Transcribe the entries that follow exactly as they appear, minus pictures.

((

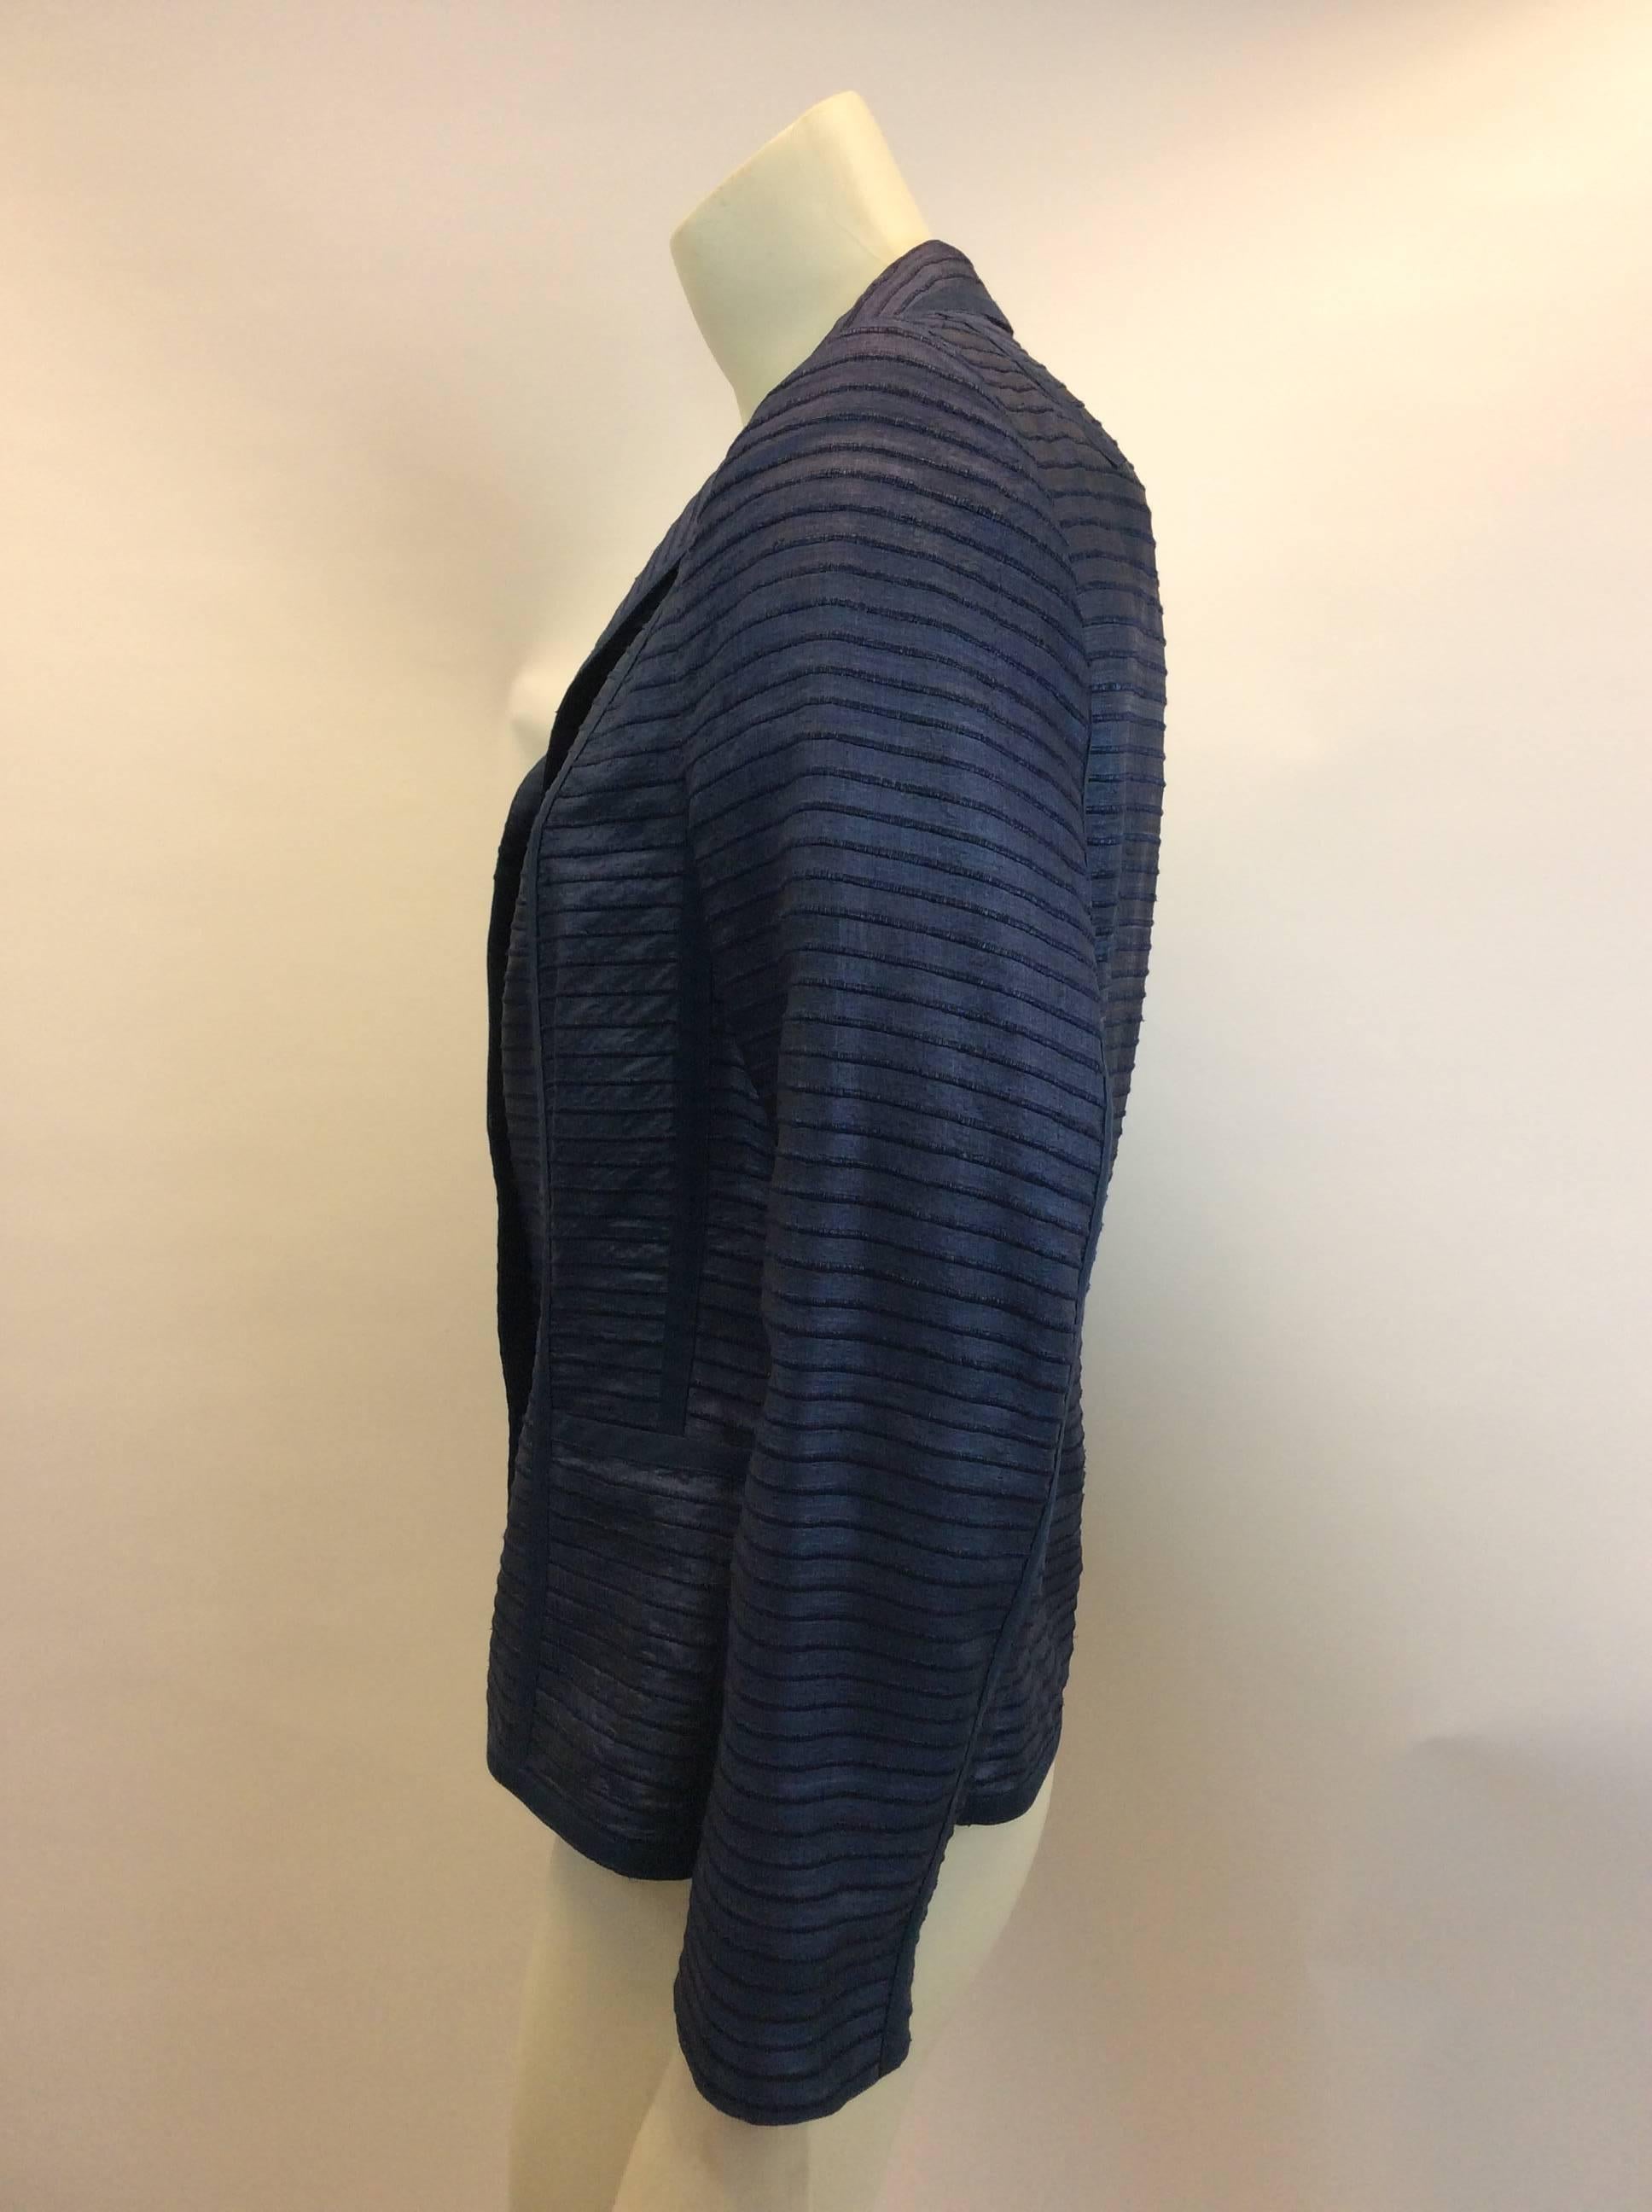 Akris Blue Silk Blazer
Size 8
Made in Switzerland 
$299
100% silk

))

WORKED SOLUTION:
 Akris Blue Silk Blazer
Size 8
Made in Switzerland 
$299
100% silk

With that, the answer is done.